Track D: Observability, Reliability & SRE Overview
Purpose: Build operational awareness and reliability engineering practices that ensure systems work correctly in production
Philosophy: You cannot manage what you cannot measure - observability and reliability are core engineering disciplines
This track begins in Phase 5 when networked systems appear and continues through all production phases. Every service and system you build should include observability and reliability considerations from the design stage.

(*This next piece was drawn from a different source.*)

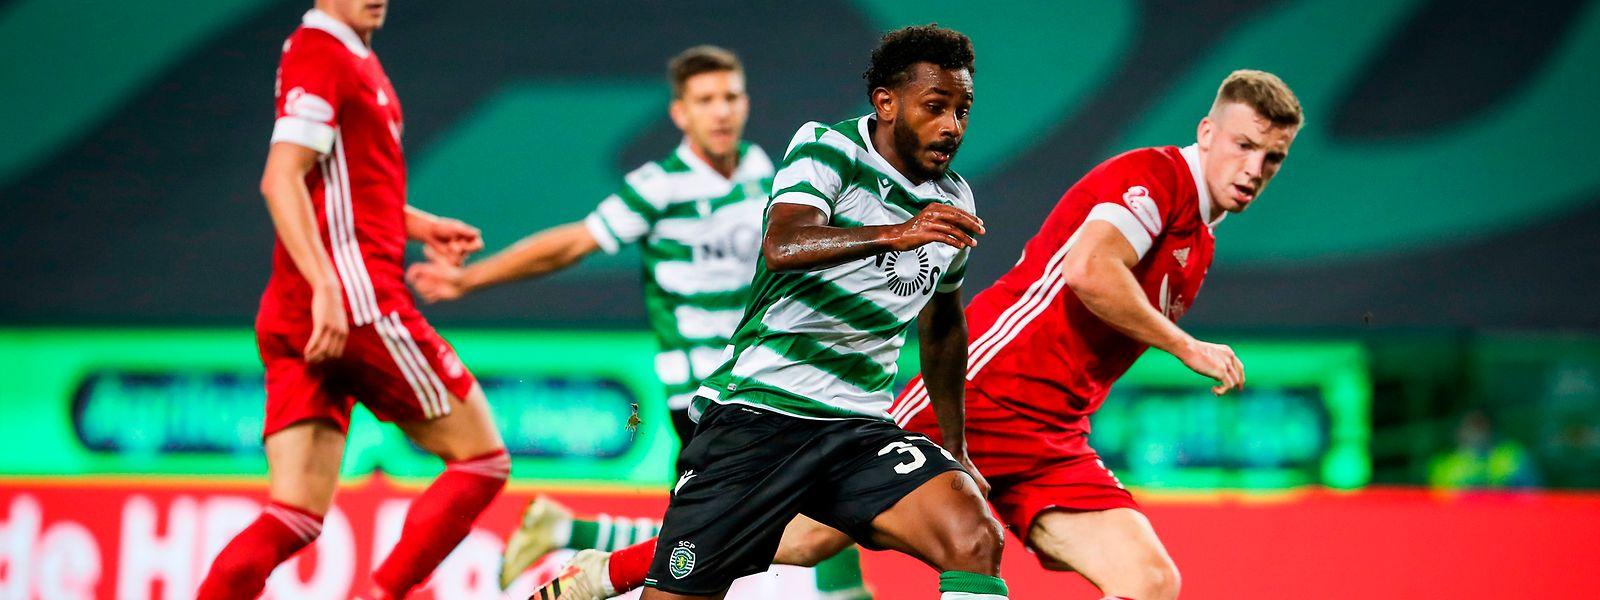 O Sporting começou a época de forma positiva, frente ao Aberdeen.

Track Progression by Phase
| Phase | Level | Focus | Skills Developed |
|---|---|---|---|
| Phase 5 | Level 1 | Basic observability | Logging, metrics, traces, basic monitoring for networked systems |
| Phase 6 | Level 1 | Reliability thinking | Failure modes, backpressure, recovery behavior, error budgets |
| Phase 7-8 | Level 2 | SRE fundamentals | SLIs, SLOs, error budgets, alert design, incident response |
| Phase 9 | Level 2 | Cloud-native observability | Managed monitoring services, infrastructure health, distributed tracing |
| Phase 10 | Level 3 | Production readiness | Full observability stack, operational dashboards, postmortem culture |
Level 1 Starter Guide: Basic Observability
Getting Started Today (45 minutes)
Add observability to your first networked program:
-
Structured logging setup:
import logging
import json
from datetime import datetime
# Configure structured logging
logging.basicConfig(
level=logging.INFO,
format='%(message)s'
)
logger = logging.getLogger(__name__)
def log_structured(level, message, **kwargs):
"""Log structured data for machine processing."""
log_entry = {
'timestamp': datetime.utcnow().isoformat(),
'level': level,
'message': message,
**kwargs
}
logger.info(json.dumps(log_entry))
# Usage in your network service
def handle_request(request):
log_structured('INFO', 'Request received',
method=request.method,
path=request.path,
client_ip=request.remote_addr)
try:
response = process_request(request)
log_structured('INFO', 'Request completed',
status_code=response.status_code,
response_time_ms=response.processing_time)
return response
except Exception as e:
log_structured('ERROR', 'Request failed',
error_type=type(e).__name__,
error_message=str(e))
raise -
Basic metrics collection:
from collections import Counter, defaultdict
import time
class SimpleMetrics:
def __init__(self):
self.counters = Counter()
self.gauges = {}
self.histograms = defaultdict(list)
def increment(self, metric_name, value=1, **labels):
key = f"{metric_name}_{'_'.join(f'{k}:{v}' for k, v in labels.items())}"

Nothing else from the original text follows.